One of my favorite things to make is a good slow cooker soup recipe. They are easy, they have a delicious slow simmered flavor and they almost always equal less clean up, and I’m all about less clean up. This soup is probably one of the easiest you’ll ever make and you wouldn’t believe how amazing it tastes (especially considering it’s ease of prep).
You may be thinking that the three carrots seems odd but it gives this soup some body, a light natural sweetness and it offers such a vibrant color to this soup so you don’t end up with something pale pink in the end. Other than that this soup is mostly tomato, which I believe the way a true tomato soup is meant to be. I’ve always been grossed out by the canned tomato soup, doesn’t it just seem to have an off flavor and too much sweetness? When I was little I disliked it so much that instead I’d just heat tomato sauce with a little water and eat that with my grilled cheese instead. Yes, that really was lacking in flavor but when you are a kid I guess that’s what you like. This however is full of flavor, the onions, garlic and basil offer just enough without taking away from the vibrant tomato flavor.

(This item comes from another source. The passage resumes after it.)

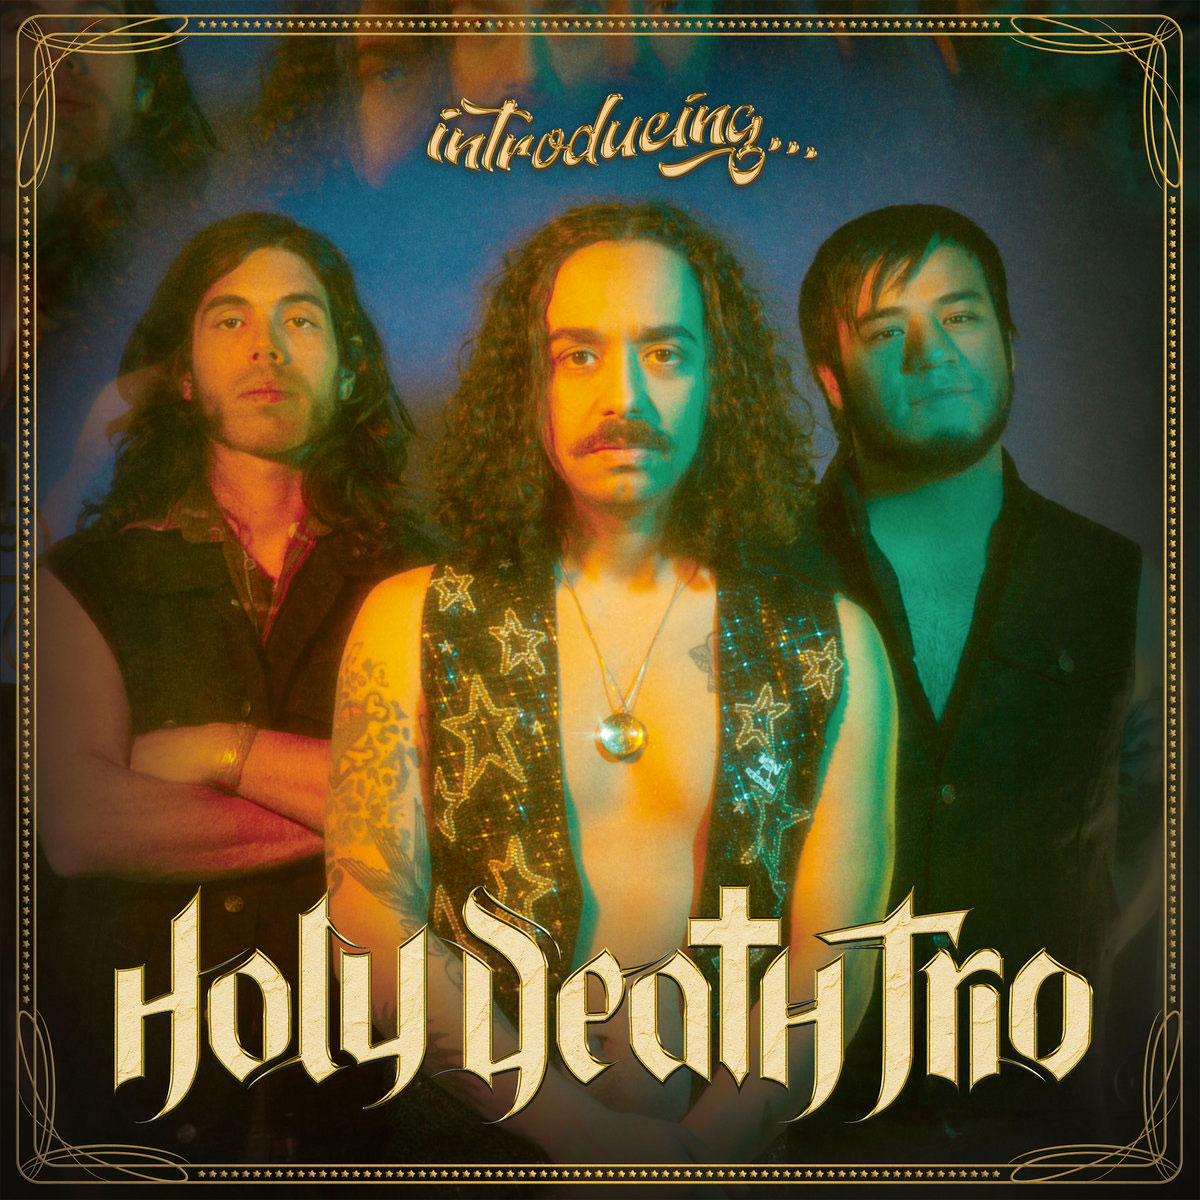 Introducing… by Holy Death Trio
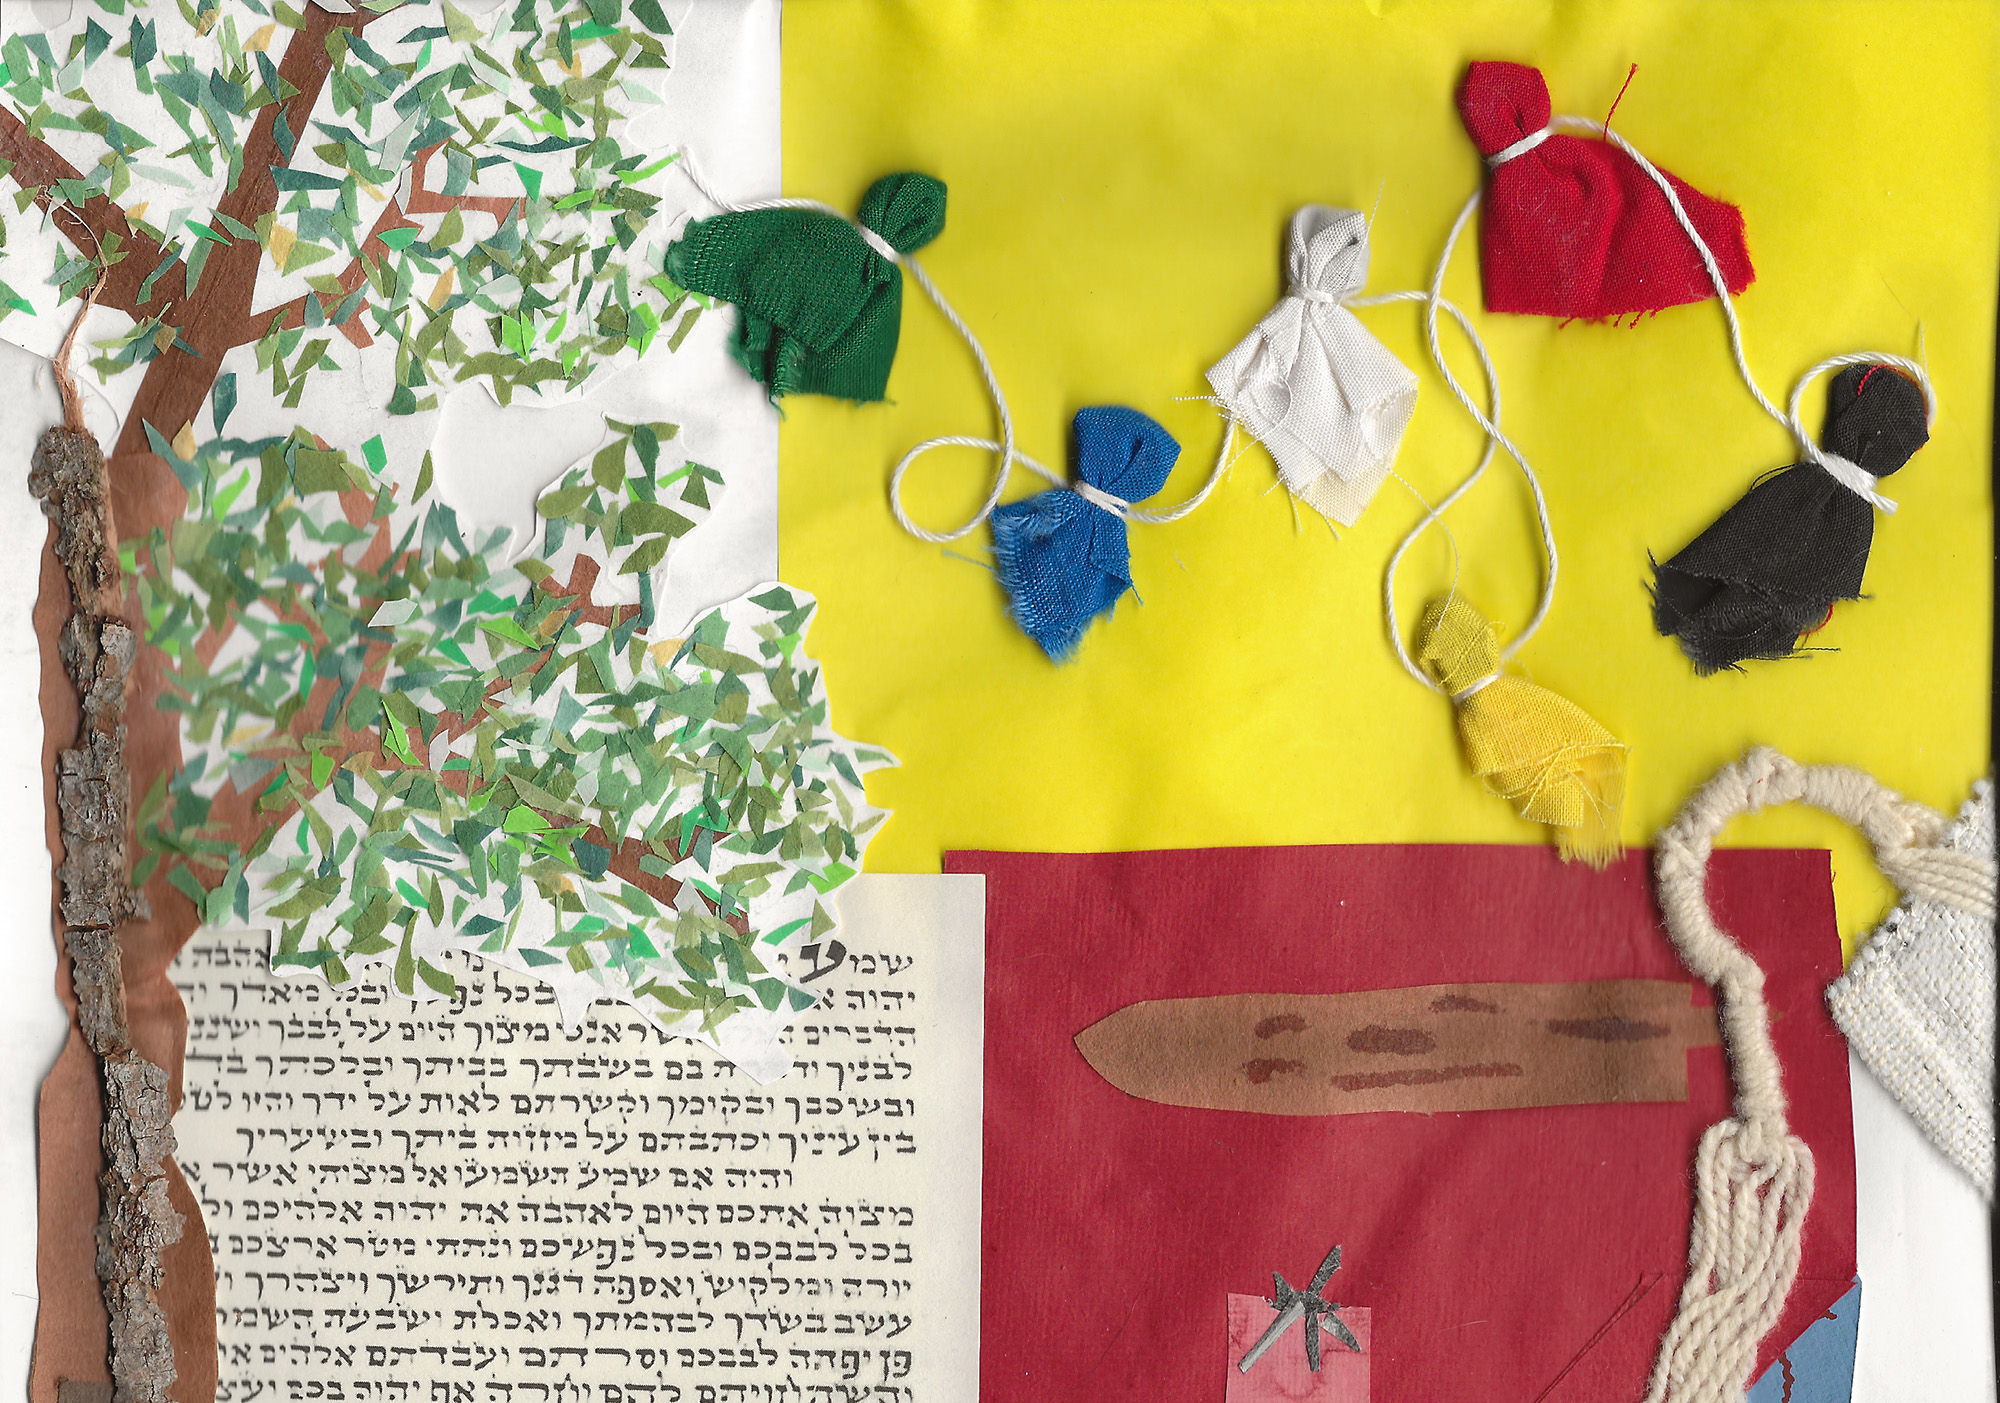 A collage with four sections, including a tree, hebrew text, a red square with a white fringe, and small pieces of green, blue, white, red, yellow, and black cloth tied together on a yellow background.

Me and my kids loved this soup (then there was my husband that hates tomatoes so he just picked out the tortellini, I was totally offended – just kidding). I was so glad I had enough left over for lunch the next day, it was a bowl of pure comfort for a cool day. I love that it’s actually very hearty and filling too. This one I’m going to make time and time…and time again.
This makes a slow cooker full so if you are only serving a few I’d recommend making 2/3 the recipe (using 2 cans of the tomatoes, etc). You can also reduce it to that if you have a 5 quart slow cooker because a full batch probably wouldn’t fit in that size.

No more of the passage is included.